Симльская конвенция также предоставляла Великобритании режим наибольшего благоприятствования в торговле с Тибетом; торговые правила 1893 и 1908 гг. аннулировались и подлежали замене новыми после соответствующих переговоров между тибетским и китайским правительствами[406].

В апреле 1914 г. стороны парафировали Симльское соглашение, однако оно не вступило в силу по той причине, что китайское правительство и парламент отказались его ратифицировать, признав неудовлетворительным проведенное разграничение Внешнего и Внутреннего Тибета. В результате британский и тибетский представители подписали 3 июля совместную декларацию, в которой заявили о признании парафированной конвенции обязательной для правительств Великобритании и Тибета, что, впрочем, не сделало соглашение «работающим». Одновременно англичане и тибетцы заключили между собой новый торговый договор «Правила англотибетской торговли». Кроме этого они достигли договоренности по еще одному очень важному для них вопросу — о демаркации индо-тибетской границы в Ассамских Гималаях восточнее Бутана (так наз. «линия Макмагона»). Этот договор, однако, вызвал недо

вольство в Лхасе, поскольку в соответствии с ним часть исконно тибетской территории с городом и монастырем Таван, площадью около 2000 кв. миль, отходила к индийским владениям. (Несмотря на договор, Таван фактически продолжал оставаться под юрисдикцией тибетских властей.)

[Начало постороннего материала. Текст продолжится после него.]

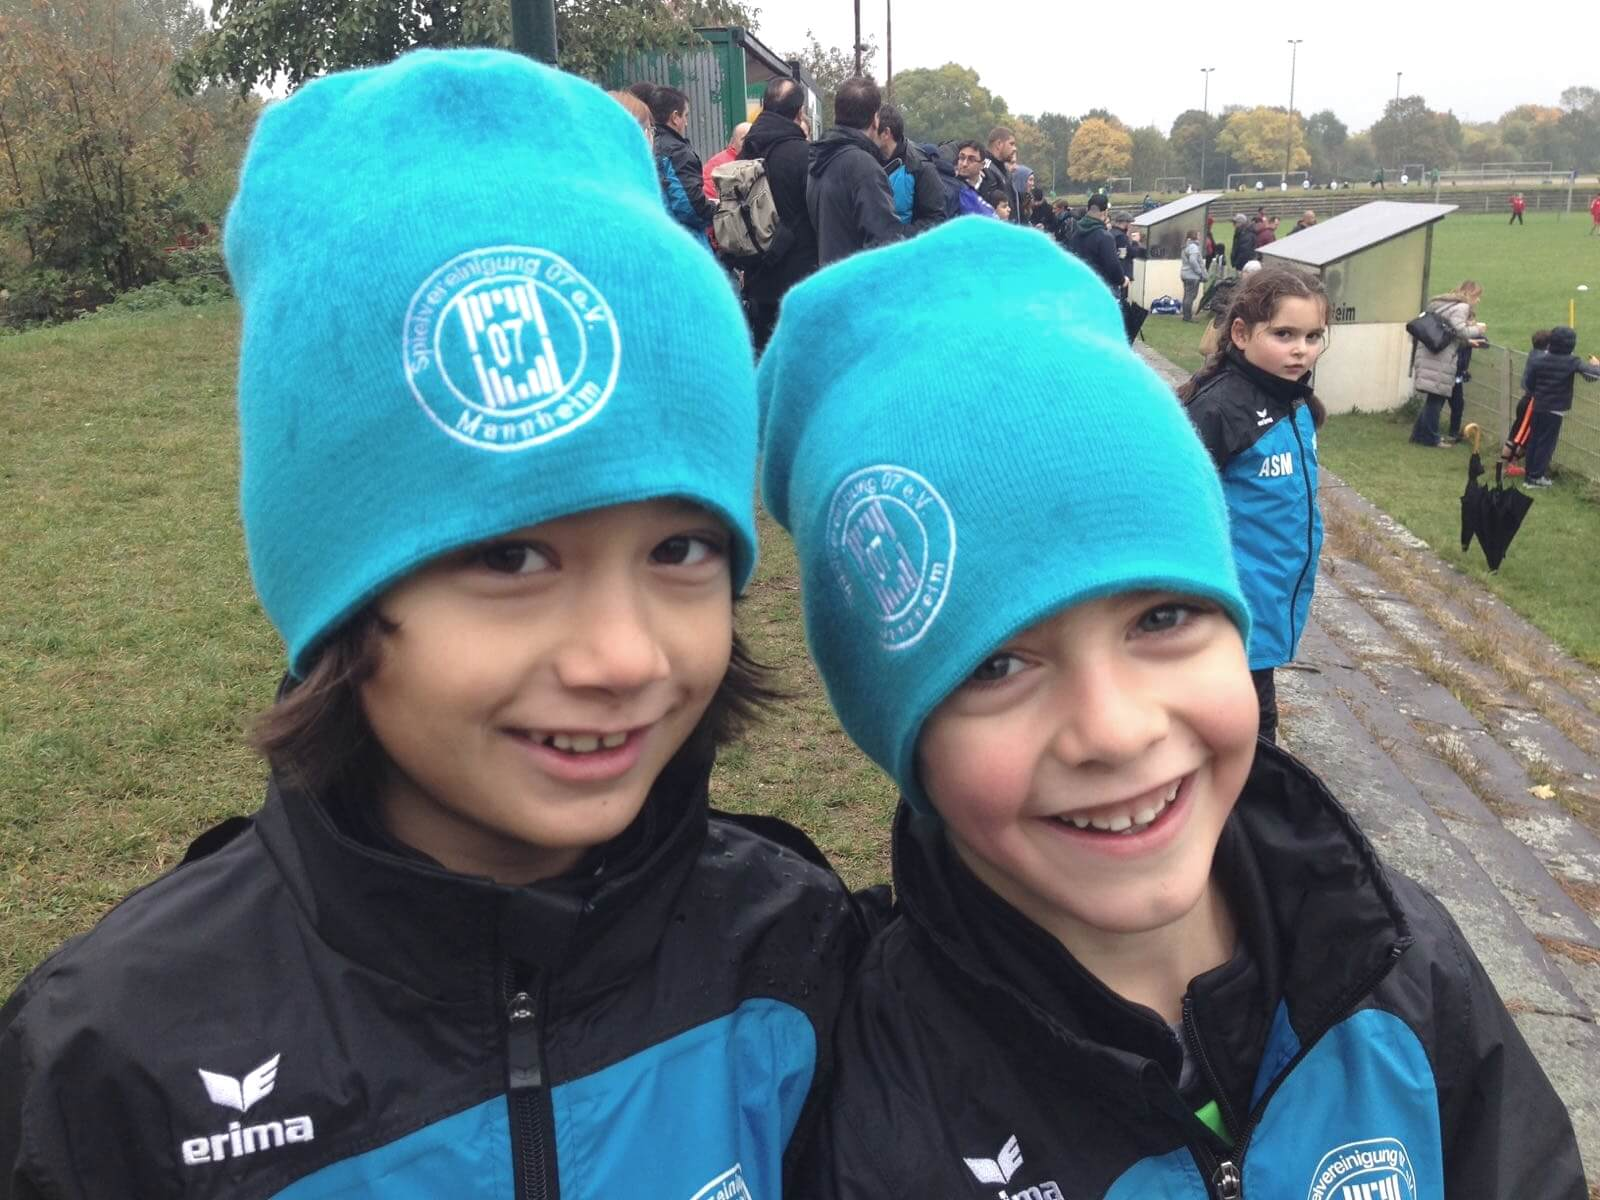 Warme Kinderköpfe im Mannheimer Herbst

Таким образом, главная цель симльских переговоров не была достигнута: Тибет продолжал настаивать на своей полной независимости, в то время как Китай по-прежнему считал территорию Тибета неотъемлемой частью Китайской Республики. В выигрыше были лишь англичане, заключившие выгодное торговое соглашение с тибетцами. По мнению американского тибетолога М. Голдстейна, Англия в действительности не была заинтересована в «независимом» Тибете, поскольку его создание могло привести к значительным международным осложнениям и к ухудшению англо-китайских и англо-русских отношений. Британские интересы более всего удовлетворял статус Тибета как «самоуправляющегося доминиона, находящегося номинально под властью Китая, но с ограниченным китайским влиянием, и фактически не имеющего связи с европейскими странами».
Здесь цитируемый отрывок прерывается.